Читать книгу Пролегомены к философии Гегеля и его логике. Книга вторая - - Страница 9
ГЛАВА VI. ГЕНЕЗИС ГЕГЕЛЬЯНСТВА
ОглавлениеМы видели, как человек заставляет мир приспосабливаться к своим желаниям и превращает его в свою собственность, накладывая на него свой отпечаток. На мир – а в той мере это его мир – он устанавливает законы своих собственных мыслей и желаний, тем самым очеловечивая его. Но если такое формование и объединение природы в единое целое является результатом его практических действий над ней, то это не менее инстинктивная основа его теоретического отношения к ней. Врожденная тенденция человеческого разума – соединять и устанавливать отношения, – соединять, может быть, ошибочно, или без должной проверки, или под влиянием страстей или предрассудков, – но, во всяком случае, соединять. Ибо, как не устает повторять мистер Герберт Спенсер и многие другие: ««Мы мыслим отношениями». Это действительно форма всех мыслей: и если есть другие формы, то они должны быть производными от этой17. Раньше человека определяли как мыслящее или рациональное животное: это значит, что человек – животное связующее и дающее отношения; и отсюда определение Аристотеля, делающее его «политическим» животным, является лишь следствием, наиболее применимым в области этики. Здесь находится конечная точка, из которой естественное сознание, а также энергия науки, искусства и религии в равной степени приступают к выполнению своих особых задач.
Чем больше мы знакомимся с вещами, по крайней мере, до тех пор, пока мы удерживаем взгляд от поглощения одной точкой, тем больше связей мы видим. Но могут произойти две вещи. Либо мы склонны упускать факт синтеза из виду, как будто он не требует дальнейшего изучения или внимания, и рассматриваем связанные вещи исключительно как заслуживающие внимания. Мы используем общие и наполовину объяснимые термины, такие как развитие, эволюция, непрерывность, как мостики от одной вещи к другой, не придавая никакого значения средствам передвижения самих по себе. Какая-то одна вещь является продуктом чего-то другого: мы позволяем термину «продукт» ускользнуть из предложения как несущественному: а затем читаем утверждение так, чтобы объяснить одну вещь, превратив ее в другую. Вещи, согласно этому мнению, важны все: остальное – просто слова. Эти отношения между вещами не подлежат дальнейшему исследованию или определению: они каждый nd generis, или своеобразны: и мы должны довольствоваться тем, что можем классифицировать их каким-то приблизительным образом, как основу для нашего деления предложений.

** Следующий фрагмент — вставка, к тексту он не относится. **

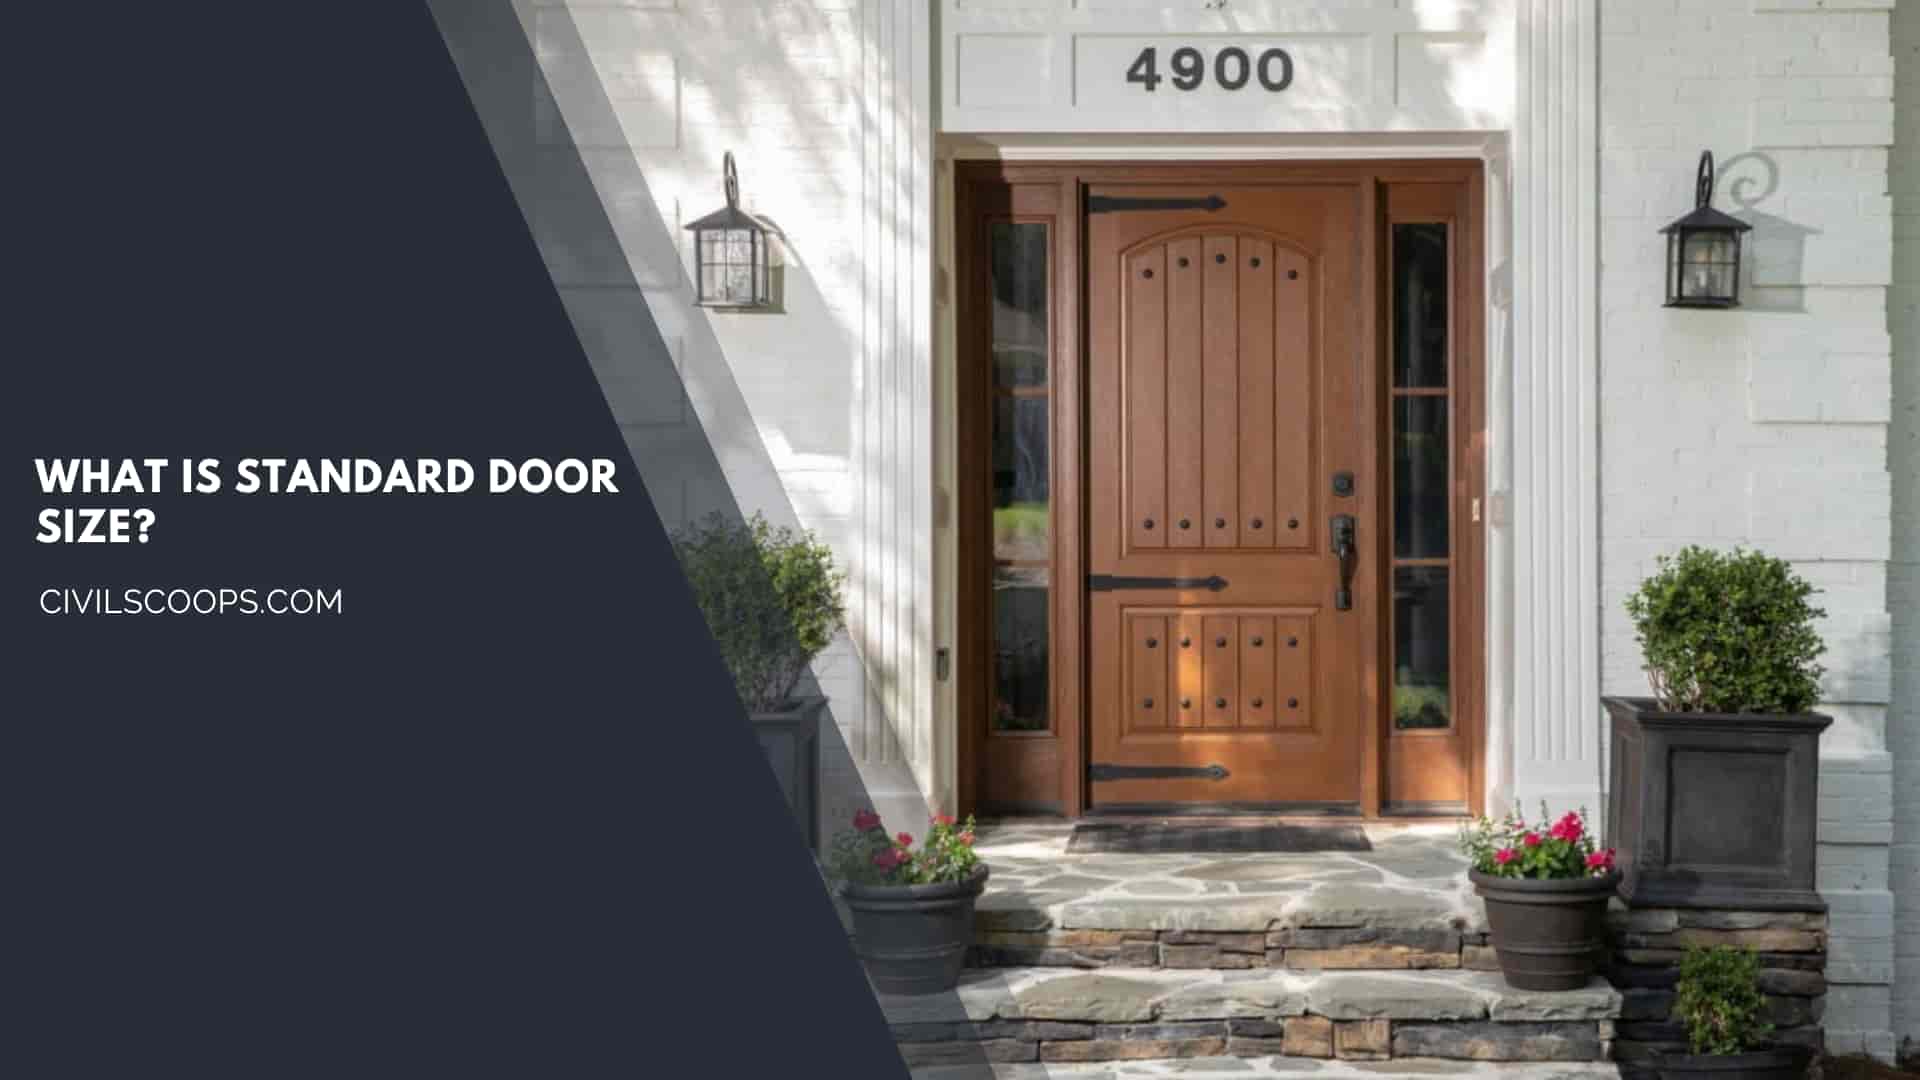 What Is Standard Door Size?

Это, конечно, один из способов избавиться от метафизики – на время. Другой способ заключается в следующем. В определенные моменты, когда мы останавливаемся, чтобы поразмыслить над частичной картиной, и закрываем глаза на тотальность, начинают возникать сомнения, оправдана ли наша процедура, когда мы объединяем и комбинируем изолированные явления. Имеем ли мы право вбрасывать в мир природы нашу собственную субъективность, законы нашего воображения и мышления? Не правильнее ли было бы вообще воздержаться от использования подобных концепций?
Этот вопрос был предложен Юмом применительно к некоторым особым формам связи или объединения, в частности к причинности. Кант попытался дать исчерпывающий ответ. В целом его ответ был близок к скептическому решению, которое Юм предложил для своих собственных сомнений: но в своей особой природе он значительно отличался. Кант соглашался с Юмом, утверждая, что формы мышления не могут привести ни к какому знанию о природе вещей, если они не обоснованы и не подкреплены опытом. Знания, к которым способен человеческий разум, по его словам, действительно объективны, поскольку они действительны для всех интеллектов: но в конечном счете они все равно субъективны, поскольку их сбивает с толку недоступная Вещь-в-себе. Но кантовское решение отличается от решения Юма, когда он переходит к анализу факта этих отношений между идеями и к составлению генеалогической таблицы тех форм представлений, которые образуют нашу исконную интеллектуальную силу. Знание, согласно взгляду Канта на его природу, представляет собой встречу двух элементов, один из которых происходит от наших ощущений, а другой – от нашего понимания. Материя ощущений соответствует определенным условиям, которые в самом общем виде известны как время и пространство. Вклад нашего понимания носит более строго формальный характер, давая синтез и упорядочивание материи ощущений. Именно об этой второй составляющей мы сейчас и поговорим. Юм говорил, что наши попытки синтеза явлений – это просто привычки, приобретаемые в процессе опыта. Кант согласился с этим, но лишь утверждал, что наше действительное знание обязательно предполагает эти формы синтеза и, следовательно, истинно только для нас, но не для вещей. Но помимо этого результата, его притязания на память будут основываться на его изложении разума как формы форм, области интеллектуальных форм. Он подготовил почву для прогресса философии, впервые открыв область логики как науки о чистом интеллекте: интеллекте самом по себе, а не просто наблюдателе других вещей. Его работа стала тем, что мы можем назвать первой психологией чистого мышления.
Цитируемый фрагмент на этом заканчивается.